*** LISTED ENTRIES ***
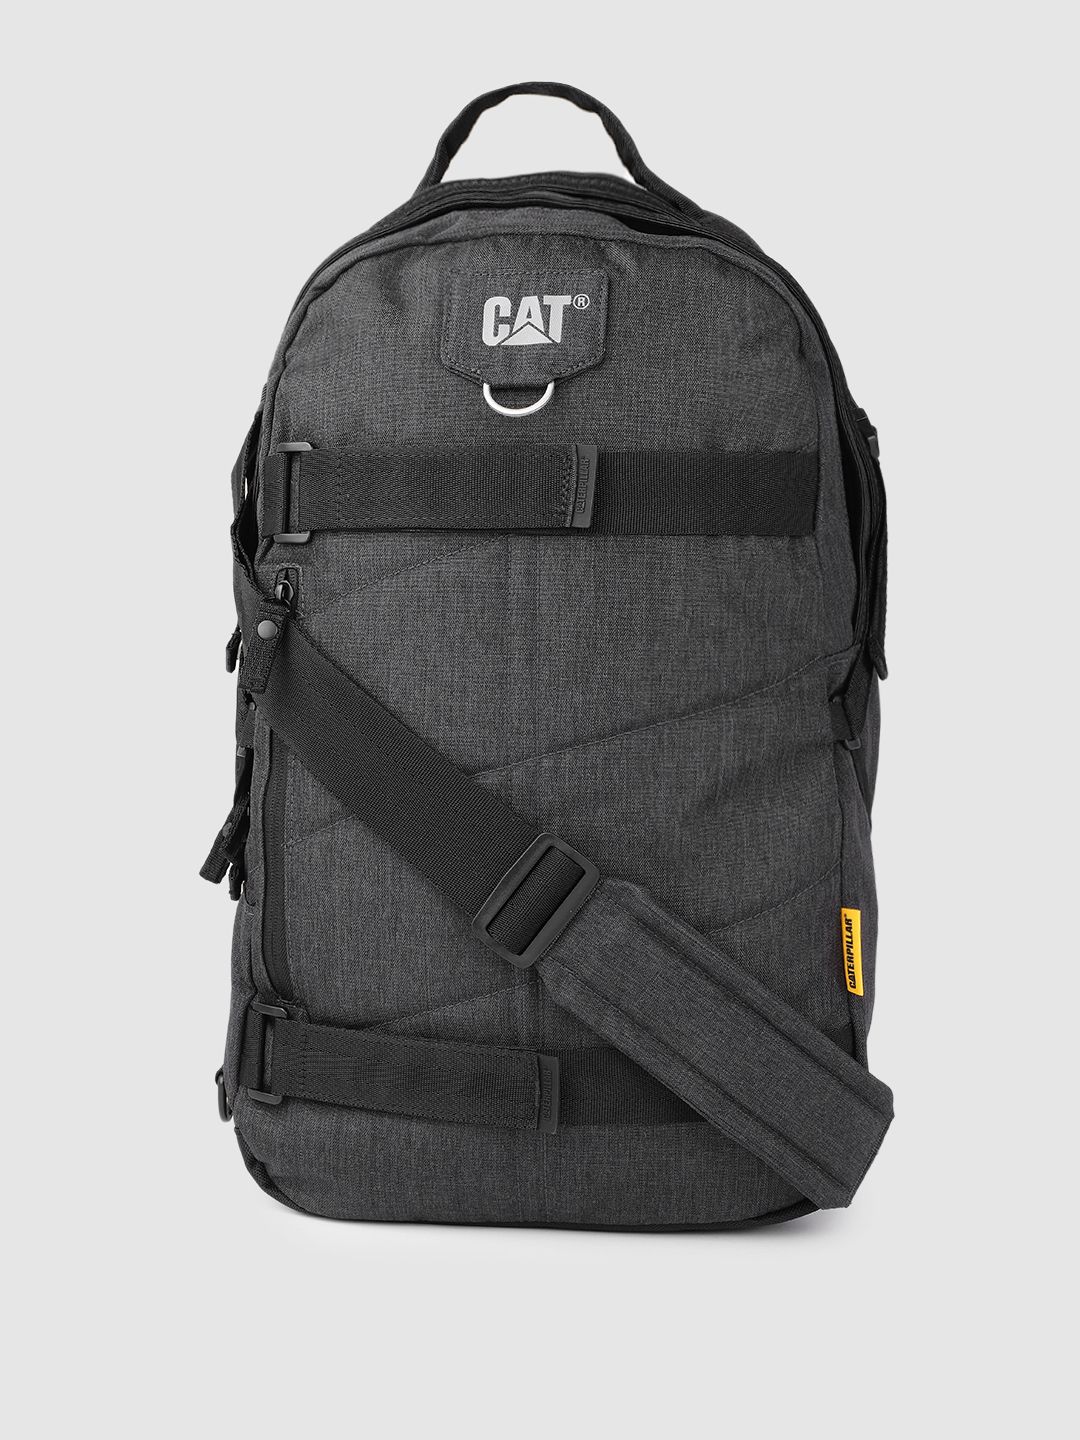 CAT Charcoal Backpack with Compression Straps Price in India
*** End of LISTED ENTRIES ***
*** LISTED ENTRIES ***
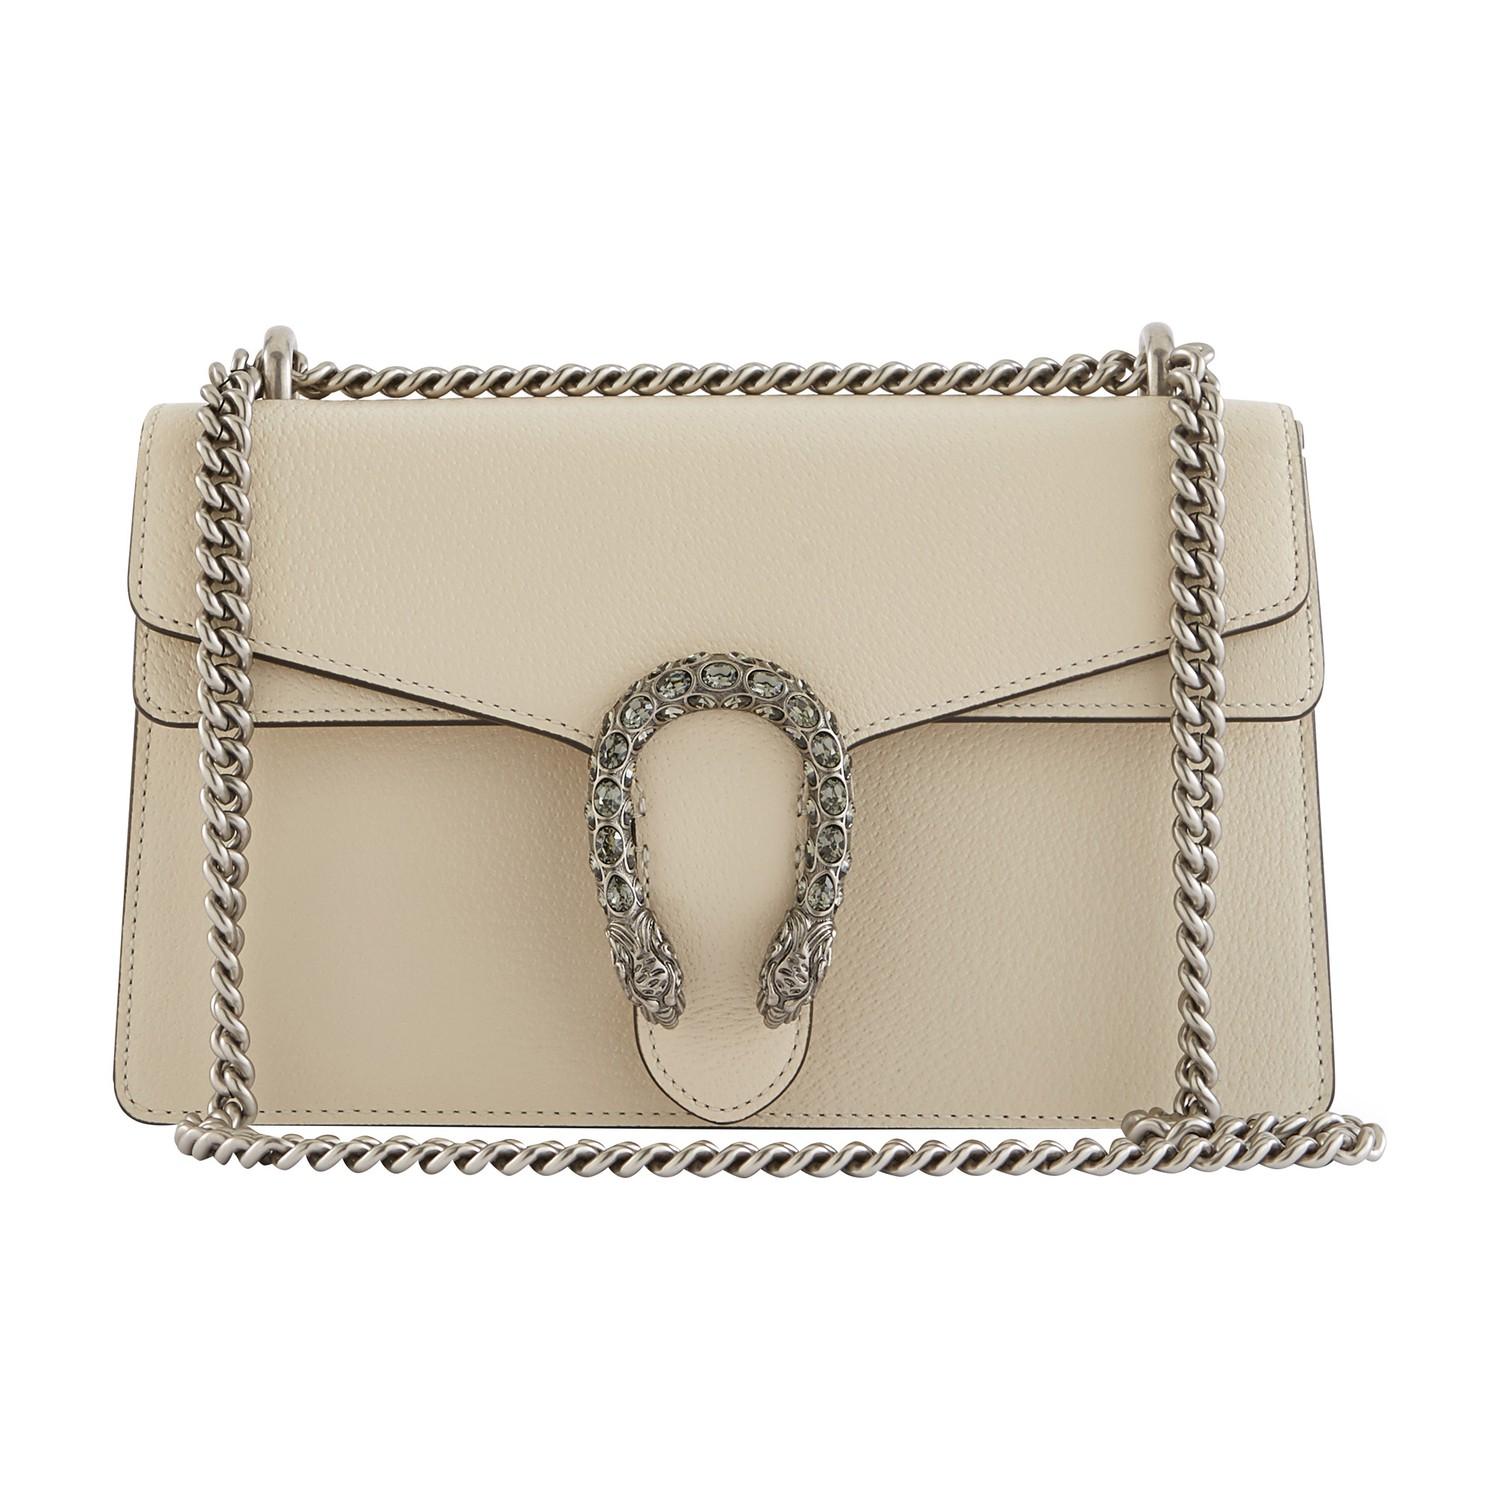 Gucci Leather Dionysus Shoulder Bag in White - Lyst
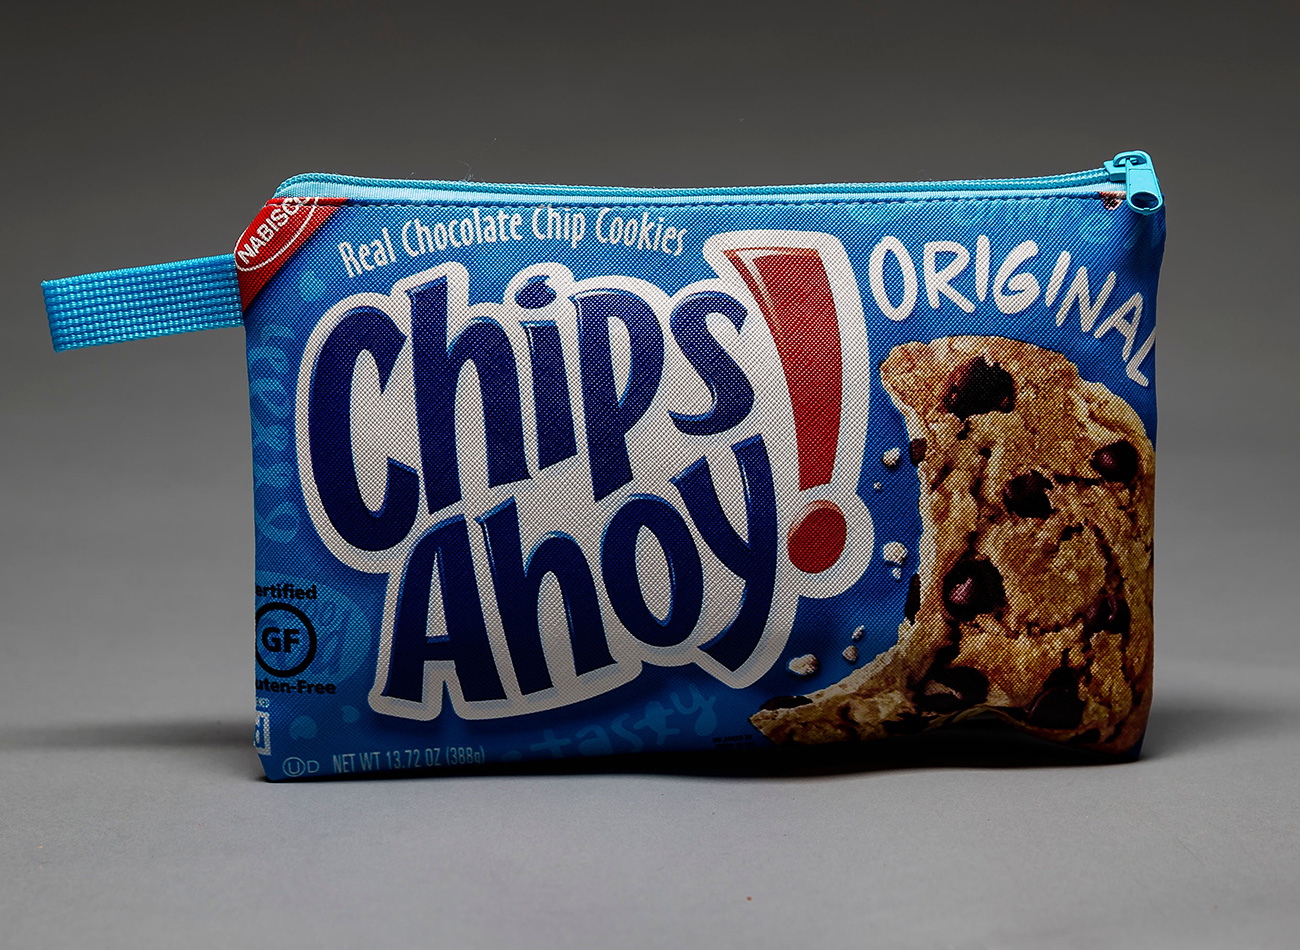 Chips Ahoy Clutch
*** End of LISTED ENTRIES ***
*** LISTED ENTRIES ***
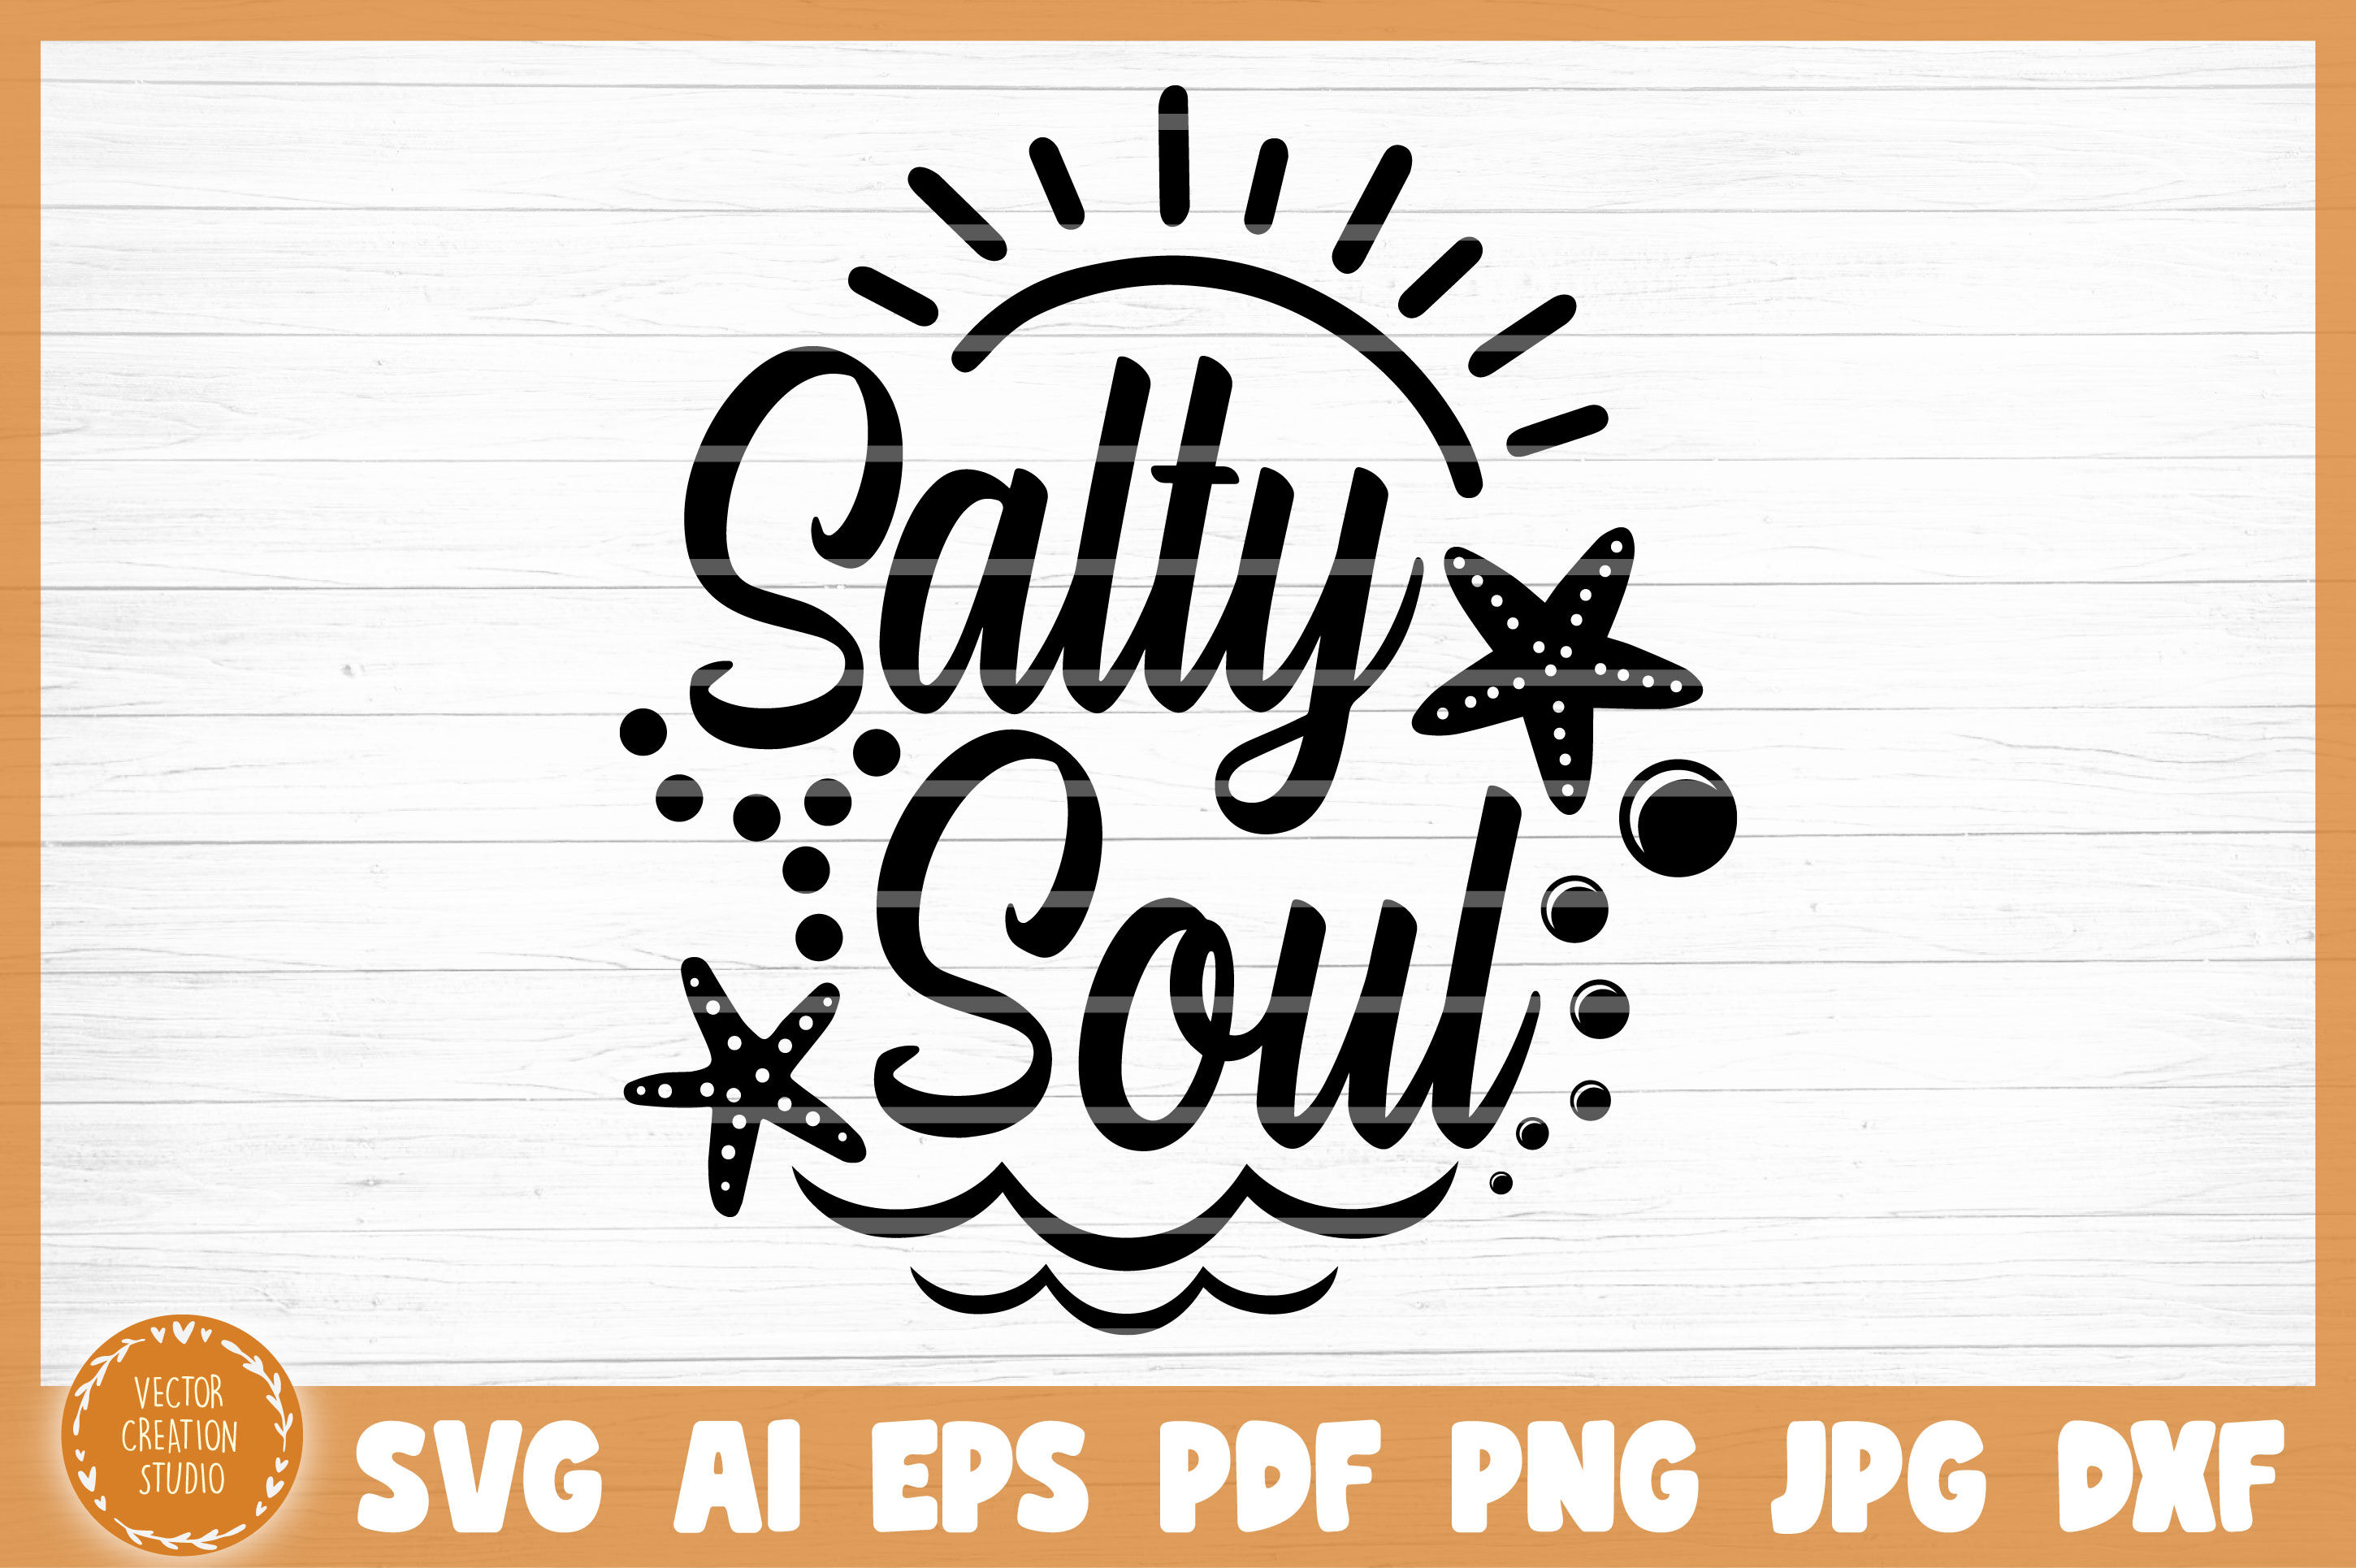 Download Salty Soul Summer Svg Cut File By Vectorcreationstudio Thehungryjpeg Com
*** End of LISTED ENTRIES ***
- **WORK REQUIRED**
Once the line with "Gucci Leather Dionysus" is found in the data above, reproduce it and each line after it exactly, through the line with "Chips Ahoy Clutch". Omit the pictures.

- **SOLUTION TO THIS PROBLEM**
 Gucci Leather Dionysus Shoulder Bag in White - Lyst
 Chips Ahoy Clutch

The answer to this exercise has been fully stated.